Work order:
Range to repeat from the listing below: the line containing "Flower Arrangement Ideas" down to the line containing "I DO BBQ Flower", both included. Copy it exactly, pictures excluded, and add nothing else.

Data in this exercise:
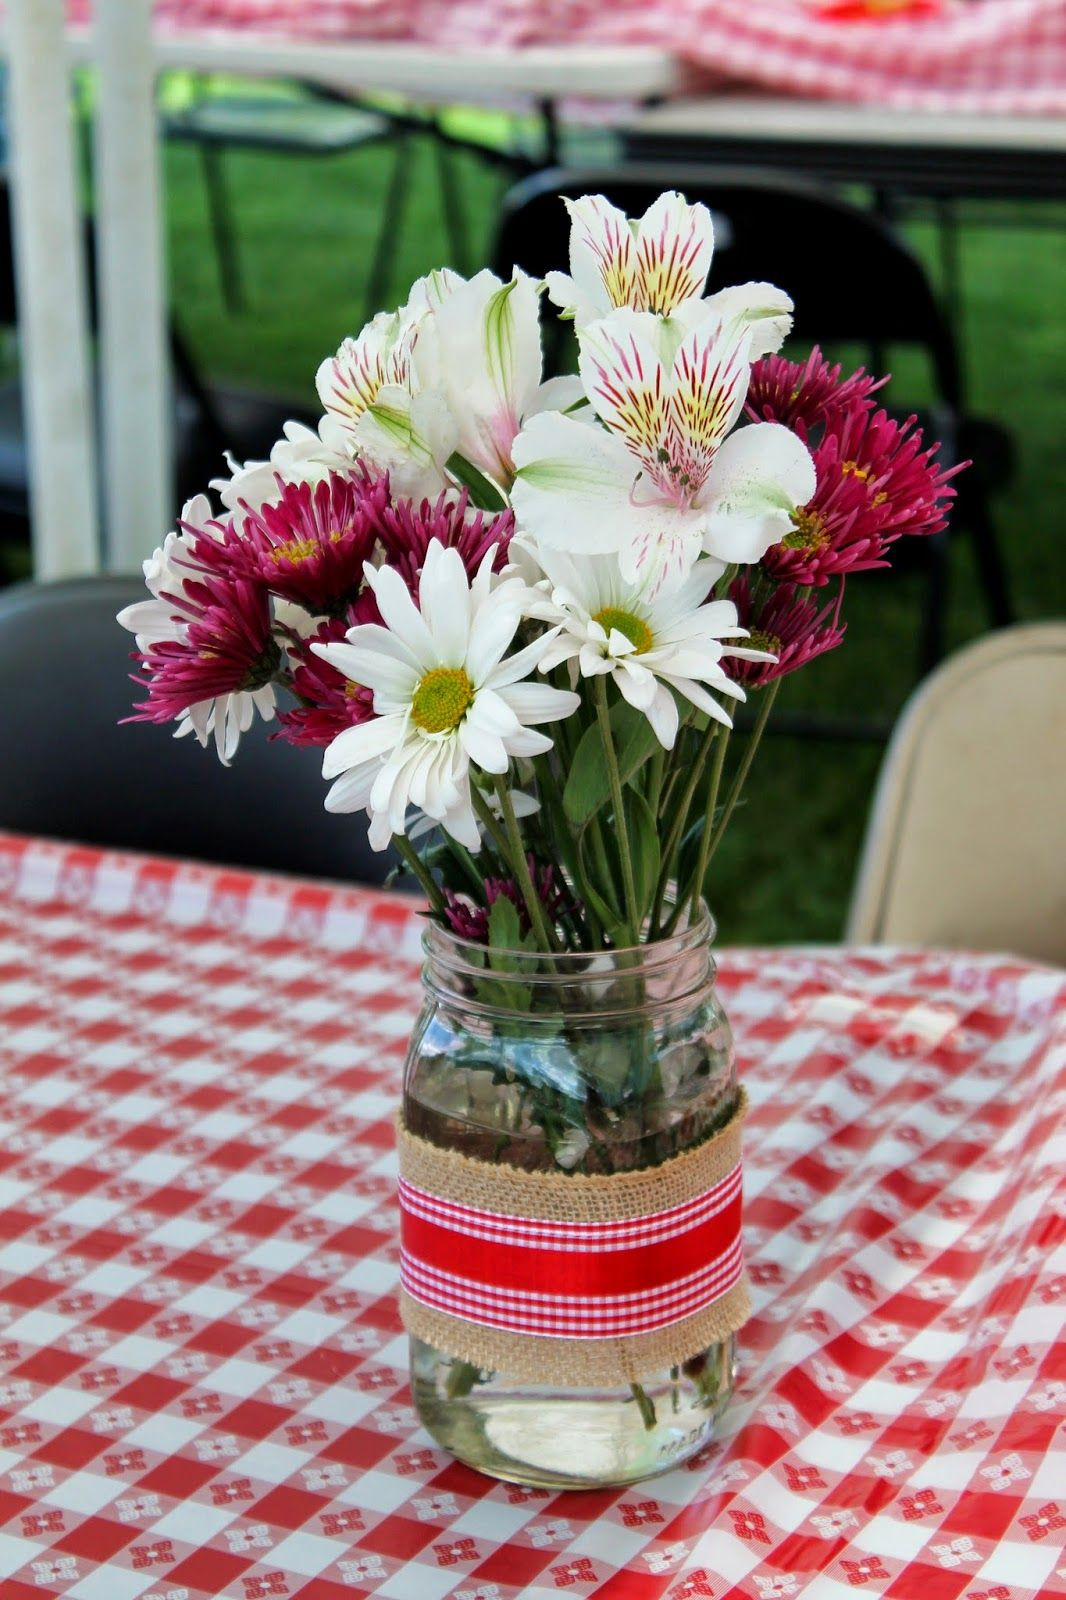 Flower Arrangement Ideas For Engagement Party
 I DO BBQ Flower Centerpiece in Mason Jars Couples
--
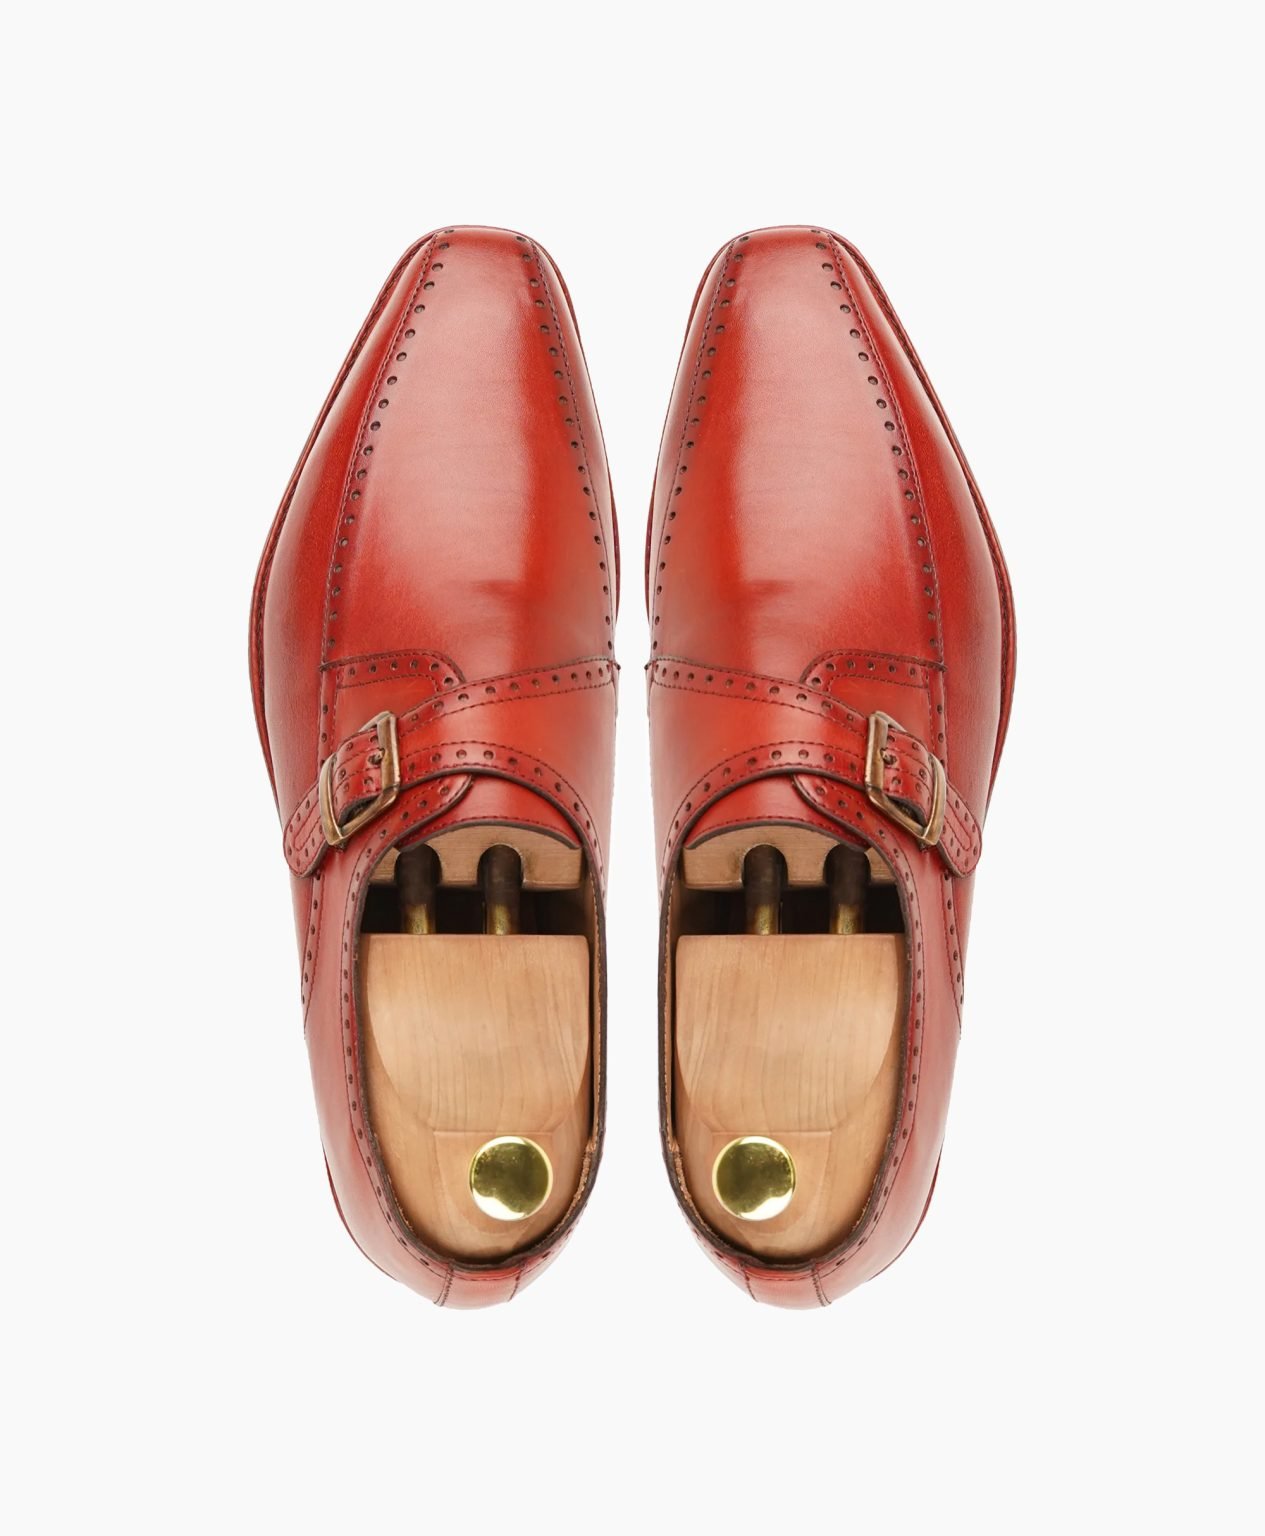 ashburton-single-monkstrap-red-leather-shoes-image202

Task output:
 Flower Arrangement Ideas For Engagement Party
 I DO BBQ Flower Centerpiece in Mason Jars Couples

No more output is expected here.